- Benny McCoy – Double Play baseball card, 1941, #130
- Second baseman / Shortstop
- Born: November 9, 1915 Jenison, Michigan, U.S.
- Died: November 9, 2011 (aged 96) Grandville, Michigan, U.S.
- Batted: LeftThrew: Right

MLB debut
- September 14, 1938, for the Detroit Tigers

Last MLB appearance
- September 28, 1941, for the Philadelphia Athletics

MLB statistics
- Batting average: .269
- Home runs: 16
- Runs batted in: 156
- Stats at Baseball Reference

Teams
- Detroit Tigers (1938–1939); Philadelphia Athletics (1940–1941);

= Benny McCoy =

American baseball player (1915–2011)

Benjamin Jenison McCoy (November 9, 1915 – November 9, 2011) was a second baseman in Major League Baseball who played for the Detroit Tigers (1938–1939) and Philadelphia Athletics (1940–1941). Listed at . 170 lb., he batted left-handed and threw right-handed. He was born in Jenison, Michigan.

== Biography ==
=== Baseball career ===
McCoy was 22 years old when he entered the majors in September 1938 with the Detroit Tigers, appearing in seven games while hitting a .200 batting average (3-for-15). In 1939, though he played just two months for Detroit after Charlie Gehringer was injured, McCoy hit .302 with 33 runs batted in and 38 runs scored in 55 games played. At the end of the season, he was dealt by the Tigers to the Philadelphia Athletics in exchange for Wally Moses.

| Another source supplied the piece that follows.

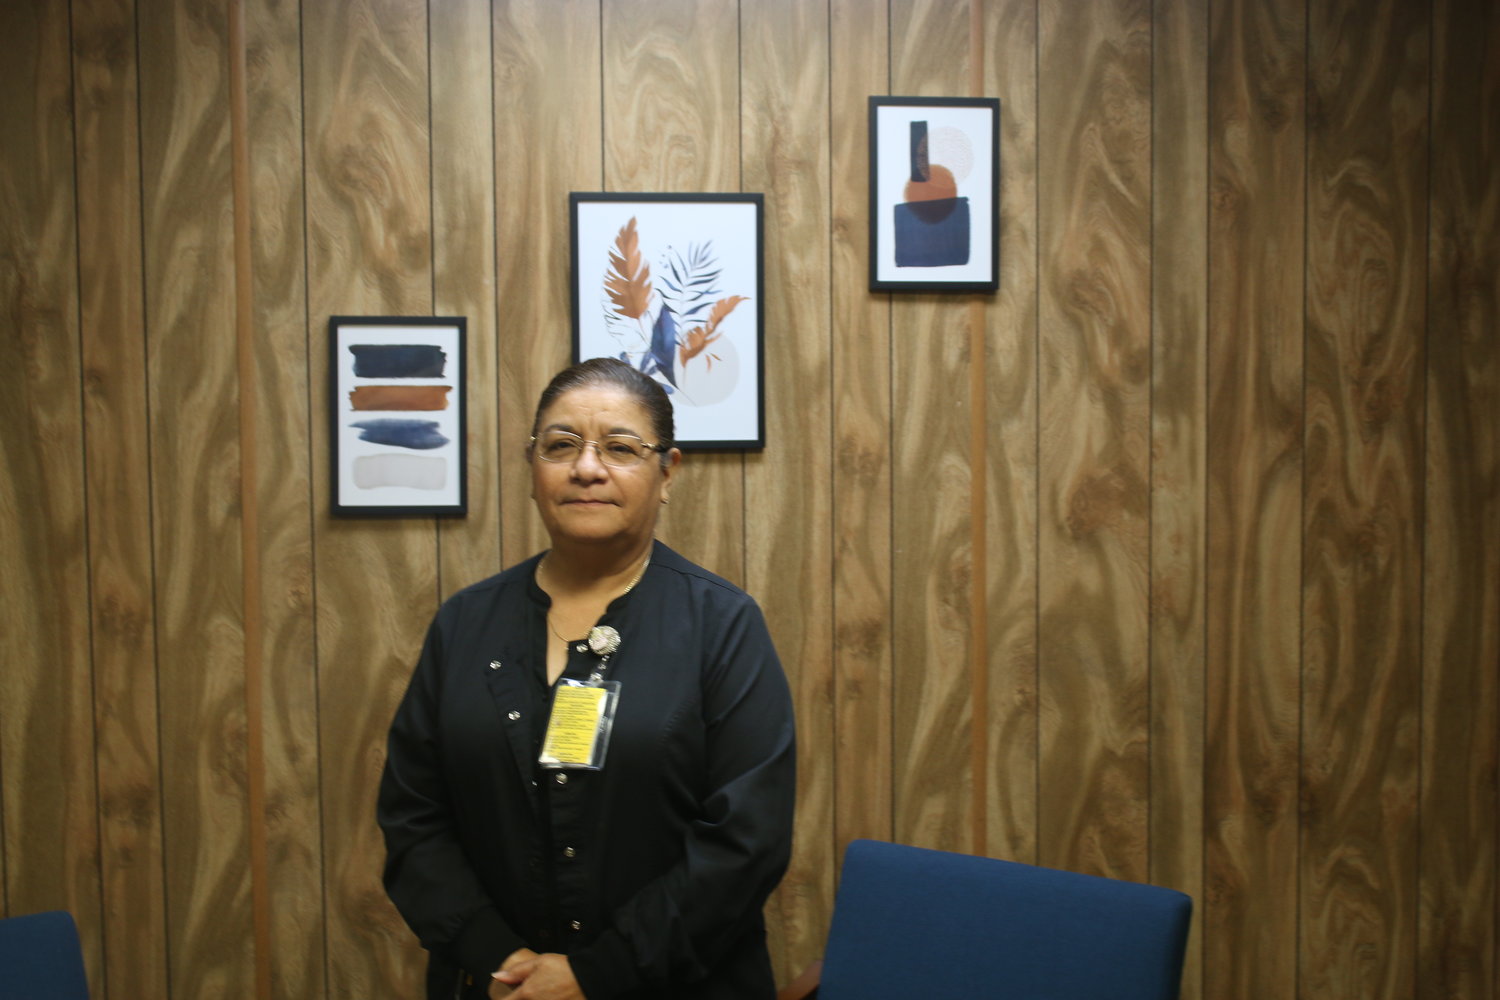 Antonia Gonzales, affectionately known as Toni, has been with Gonzales Healthcare Systems since 1978.
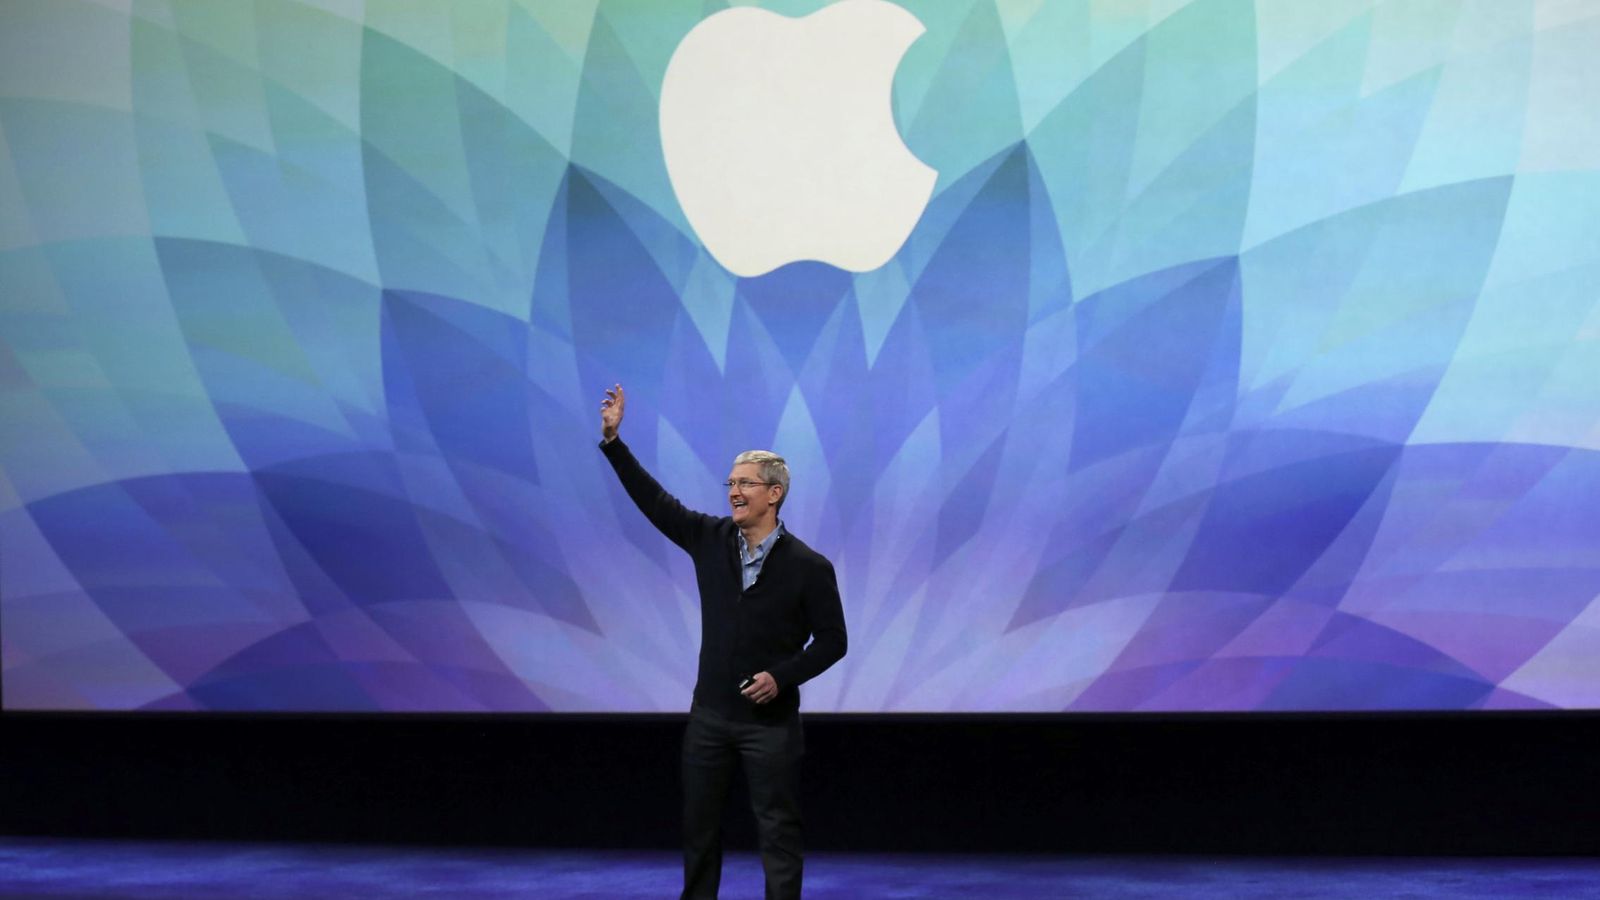 Foto: Apple CEO Tim Cook speaks during an Apple event in San Francisco

McCoy was among 91 Detroit minor league players declared free agents by baseball commissioner Kenesaw Mountain Landis. The Tigers had been blocking players in their minor league system for years, players with major league skills, which was a fairly common practice in those days as there were only 16 big league clubs and precious few jobs. For a middle infielder, McCoy was a very good offensive player, but Detroit had Gehringer and he was blocked in the minors.

McCoy played in 1940 and 1941 with the Athletics. His most productive season came in 1941, when he hit .271 with 61 RBI and posted career-highs in games (141), hits (140), walks (95), runs (86), home runs (8), and triples (7). He spent the next four years in the US Navy during World War II. When he returned from service, his skills had eroded and he never played another game.

In a four-season career, McCoy was a .269 hitter (327-for-1214) with 16 home runs and 156 RBI in 337 games, including 182 runs, 327 hits, 52 doubles, 18 triples, and eight stolen bases. A selective and patient hitter, he posted a solid .384 on-base percentage and a respectable 1.56 strikeout-to-walk ratio (190-to-122).

McCoy played in the National Baseball Congress with the St Joseph's Autos team in 1946.

Before his death, he was recognized as one of the oldest living major league ballplayers.

=== Death ===
McCoy died on his 96th birthday on November 9, 2011.